Sunday, July 17, 2005

Summertime

Yesterday, I purchased and then read the new Harry Potter book. The entire thing, all 650 pages. I know, it wasn't a very original way to spend the day, since I probably had a couple million kids around the globe as company. But I really do enjoy the Harry Potter books, and burying myself in it took me pleasantly back to childhood summer days. The public library had a "summer reading club," in which children who read a certain number of books over the summer got a reward - I don't remember what, but this was the public library, so I assume it was something simple like participation in a modest party, or getting your name on a big gold star on the wall. Cousin Flora has read 15 books! There were rules to ensure that we read age-appropriate books, so a fourth-grader couldn't crank through Go Dog, Go! and Curious George just to nail a gold star within a week.

Of course I never did it for the party or the gold star, I just loved immersing myself in books. It's been said many times, but there's nothing quite like the joy of giving yourself over completely to a really compelling book. Many summers, I would evolve a theme, not by design but organically, as something caught my interest and took hold of my curiosity. I can certainly remember going through more than one magic phase, starting with Mrs. Pigglewiggle and later progressing through all of the Oz books, the Chronicles of Narnia and the Half Magic series by Edward Eager.

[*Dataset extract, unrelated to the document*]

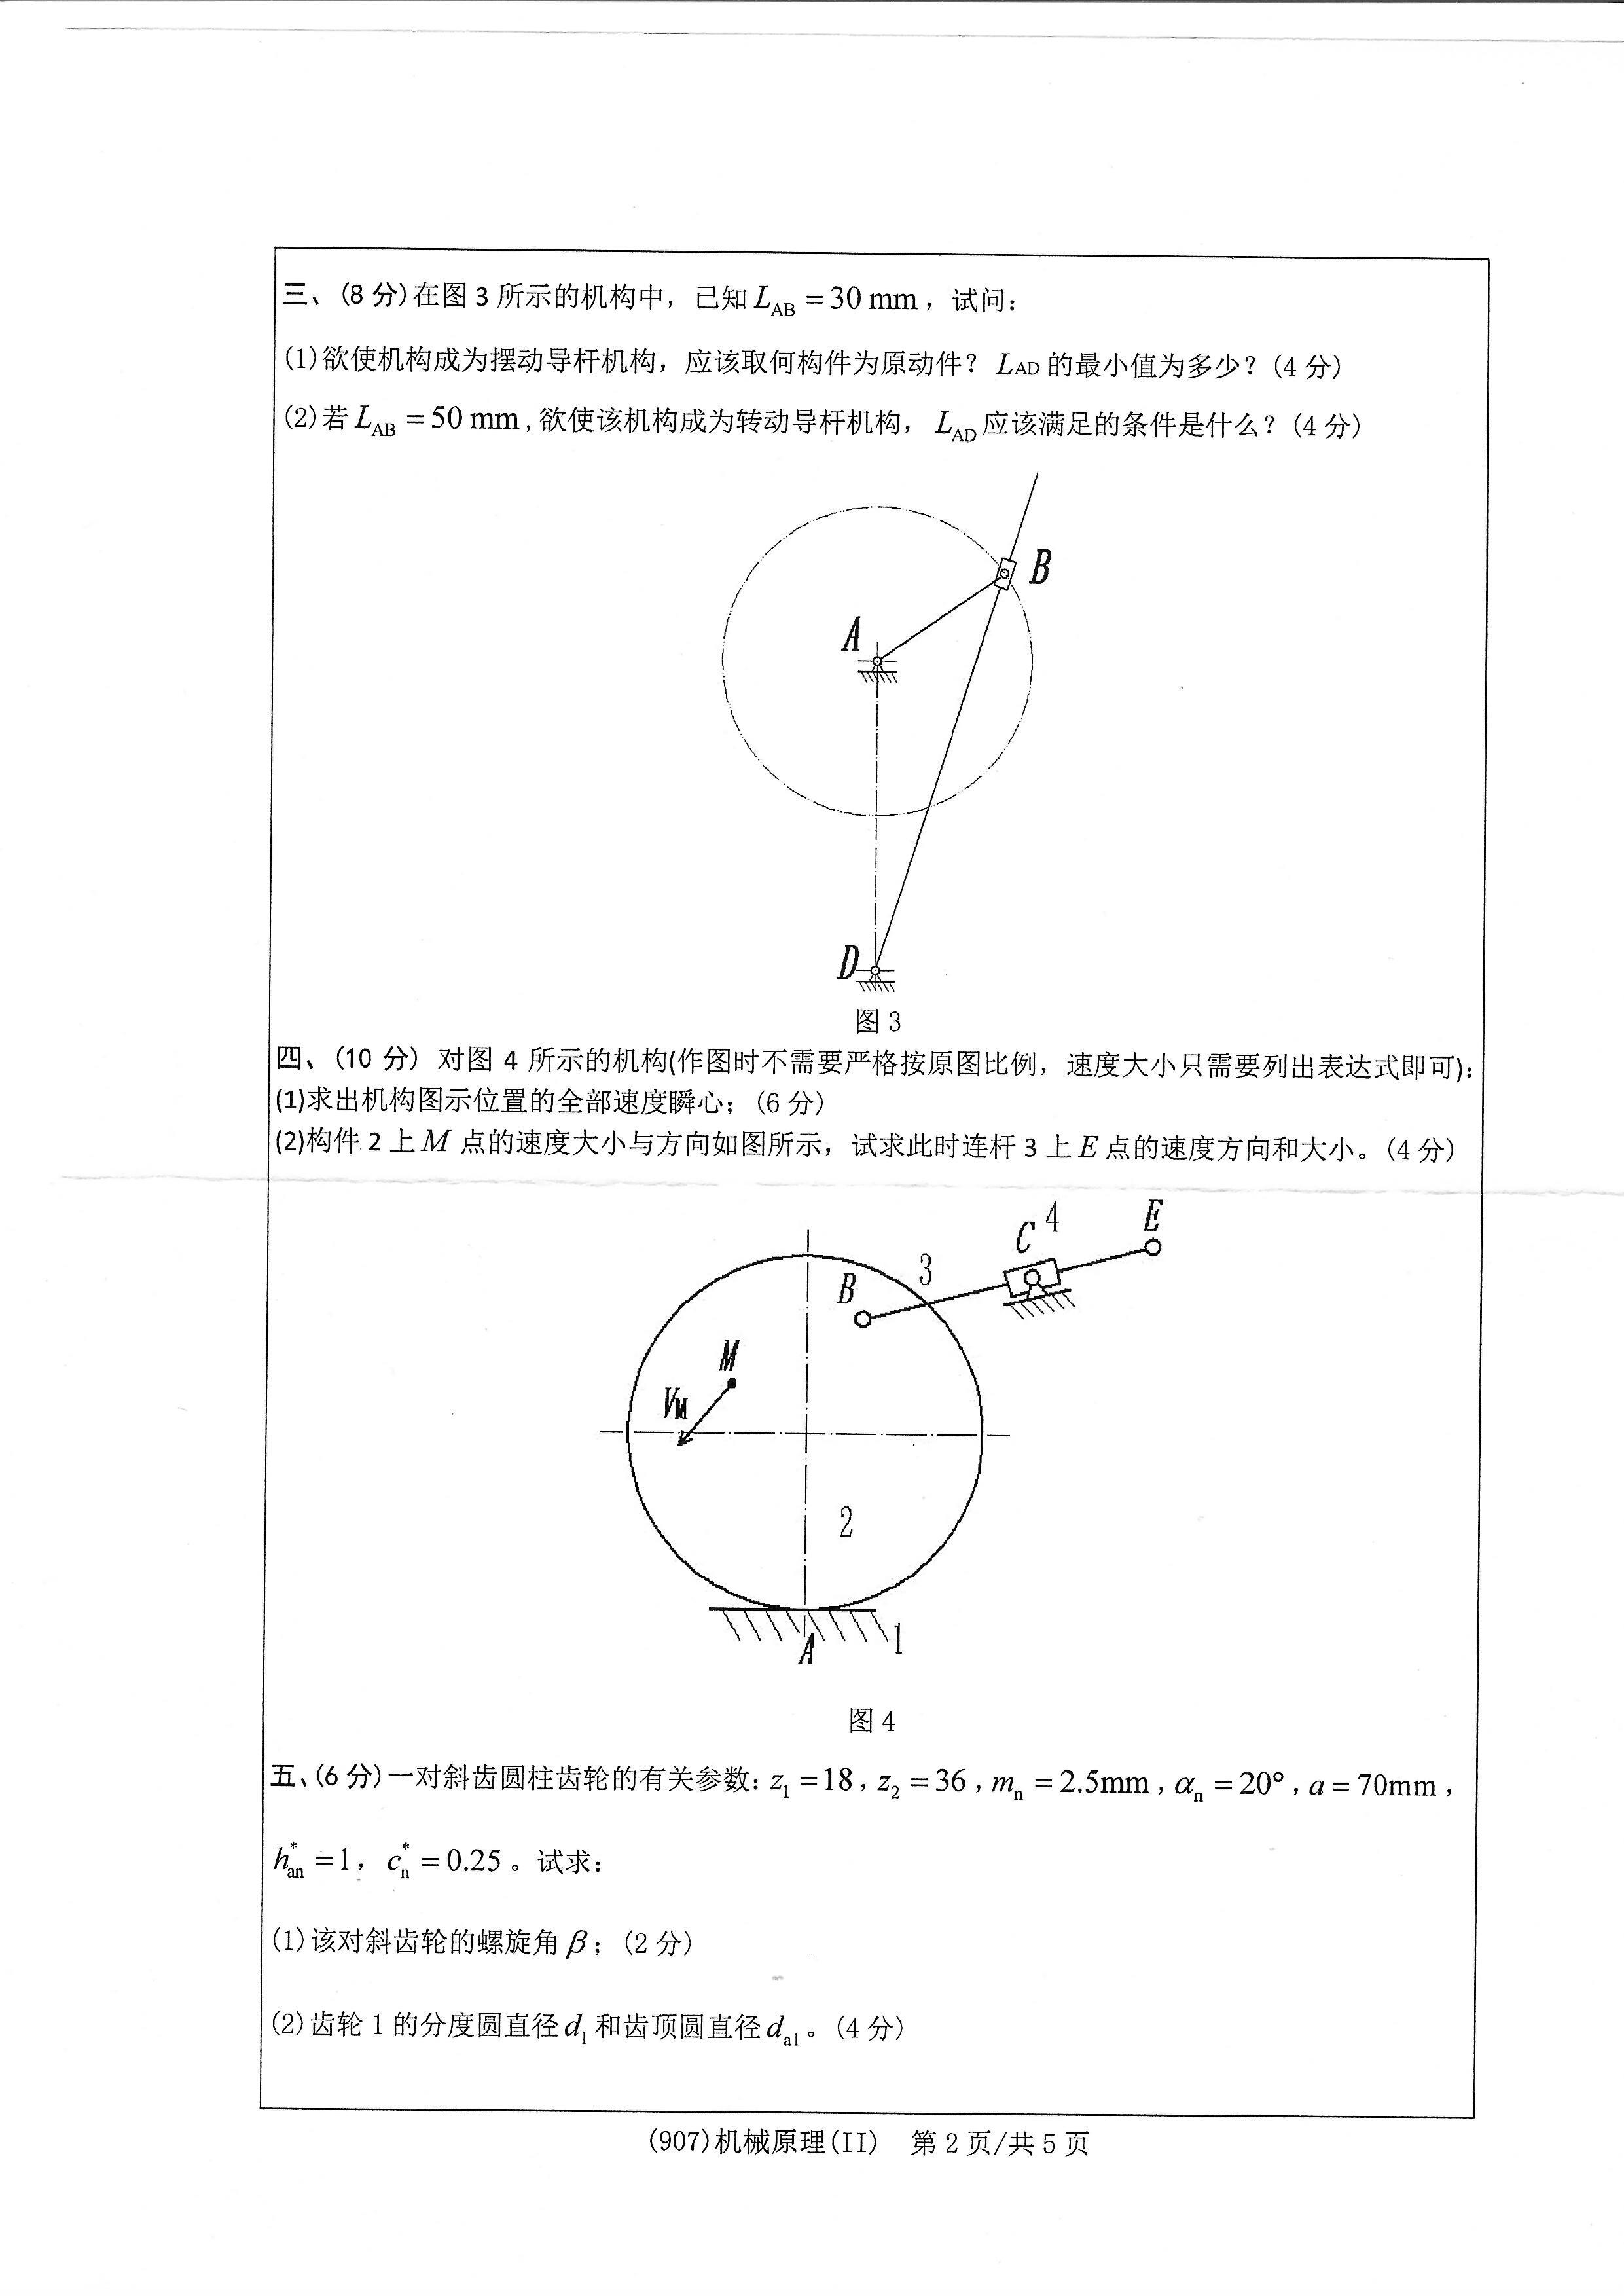 907机械原理（II）2020年考研初试试卷真题（浙江工业大学）

I remember a girl-power theme, with all the Pippi Longstocking and Harriet the Spy books. Of course there were mysteries, including the adventures of Nancy Drew and her plucky friends Bess and George. Long after I outgrew the Summer Book Club, my summer reading themes included French swashbucklers (Count of Monte Cristo, Three Musketeers, Les Miserables), Russian tragedies (Crime and Punishment, Anna Karenina, The Brothers Karamozov, Doctor Zhivago), English gothic (Wuthering Heights, Jane Eyre, The Turn of the Screw, Rebecca), and then a curiously voracious addiction to biographies, with subjects as diverse as Marguerite de Navarre to Agatha Christie to Vivien Leigh.

So, curling up with Harry Potter for the day felt very familiar and comforting. It made me think of climbing the squeaky wooden stairs in the old public library of my home town, which was squeezed into a huge old, eccentric converted house, with shelves towering clear to the tops of the high ceilings. That library was replaced with a new, spacious, glass-encased building by the time I hit high school, but yesterday, the smell of wood polish and must came back to me, clear as a bell, and made me smile.